Sterling fell against the dollar and the euro on Thursday after a series of soft UK housing figures suggested the sector was beginning to feel the pinch from recent Bank of England's interest rate hikes. Nationwide's home sales survey showed UK house prices rose just 0.1 percent on the month and 9.9 percent on the year, the weakest rise since April 2006.
The building society said the easing in house price inflation suggested five interest rate hikes since August 2006 were taking their toll on the housing market. Separate data from the British Bankers' Association showed mortgage approvals for house purchases in June fell 11 percent on the year.

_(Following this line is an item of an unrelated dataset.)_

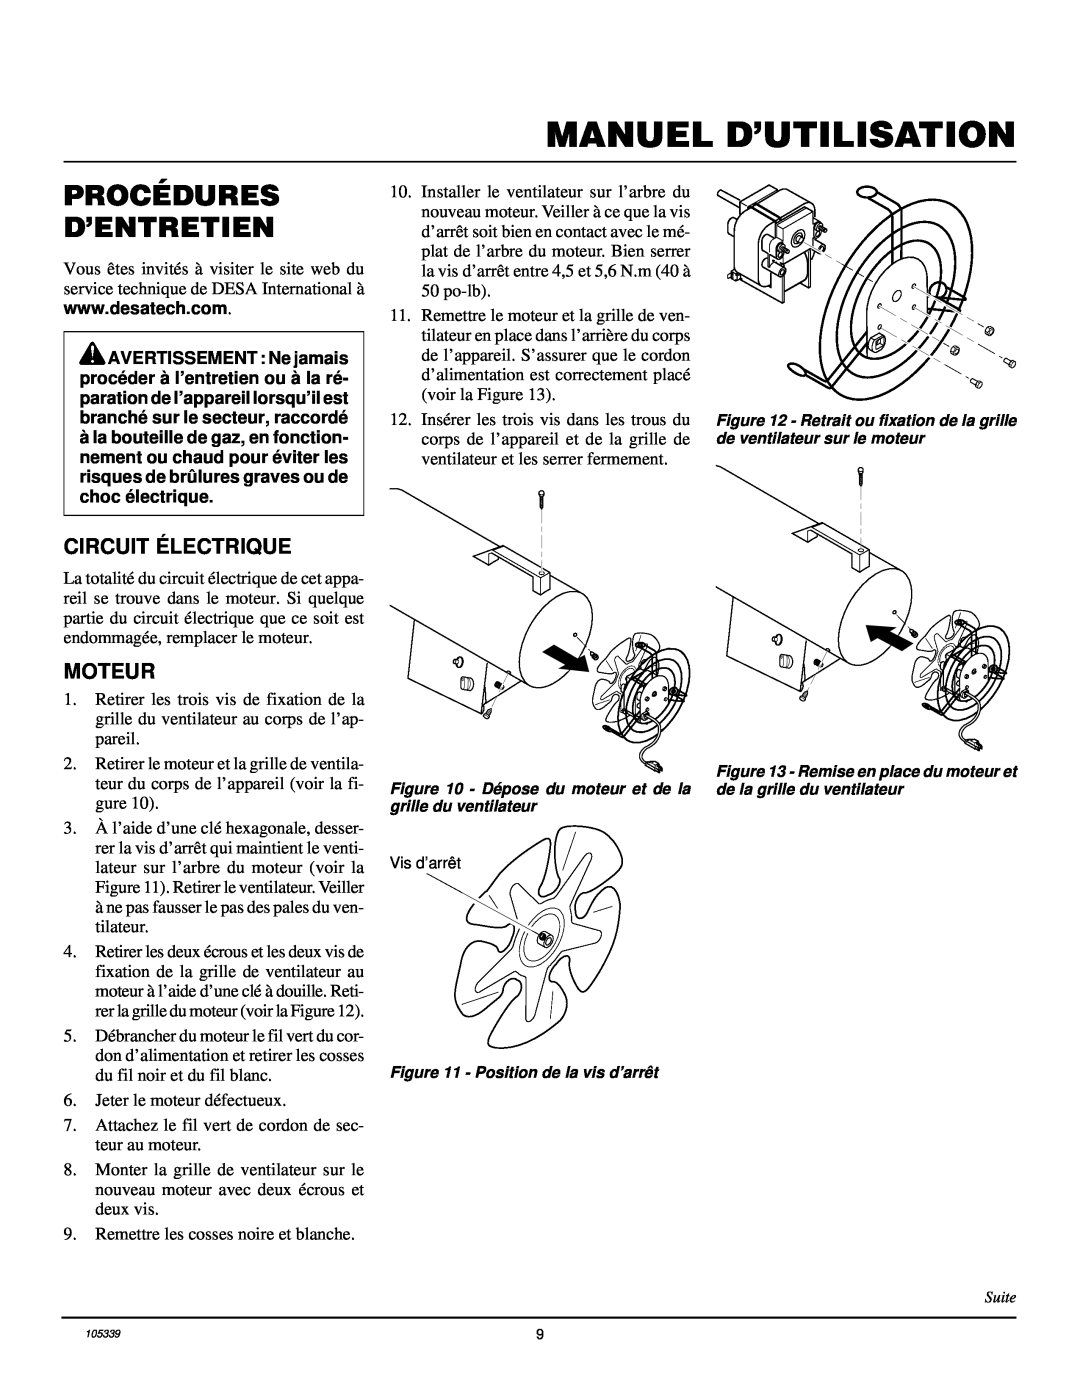 Desa RCLP50VA owner manual Procédures D’Entretien, Manuel D’Utilisation, Circuit Électrique, Moteur

By 1410 GMT, sterling was down 0.3 percent on the day at $2.0475, having hit a 26-year peak at $2.0655 on Tuesday. The euro was up 0.3 percent at 67.03 pence, recovering from Wednesday's five month low of 66.78 pence. "The BBA and the Nationwide numbers out earlier are indicative of a general slowing in the housing market activity," said Jeremy Stretch, strategist at Rabobank.
"The evidence is building that the lagged effects of the previous (BoE) tightenings are starting to influence housing sentiment." But financial markets are still pricing in one more rate increase this year, to 6 percent.
"We need to see a sustained downward trend in indicators of economic activity and prices in the economy more widely before the MPC moves away from its tightening bias," Fortis Bank said in a research note. Another factor weighing on sterling was a pick up in risk aversion, sparked by troubles in the US subprime mortgage market and falling equity markets.
That made investors scale back carry trade investments where low-yielding currencies like the yen are borrowed cheaply to fund purchases of higher return units such as sterling. "Because investors might be losing money in the subprime market, they would begin to take profits on earlier trades in high yielding currencies including sterling," said Daragh Maher, senior currency strategist at Calyon.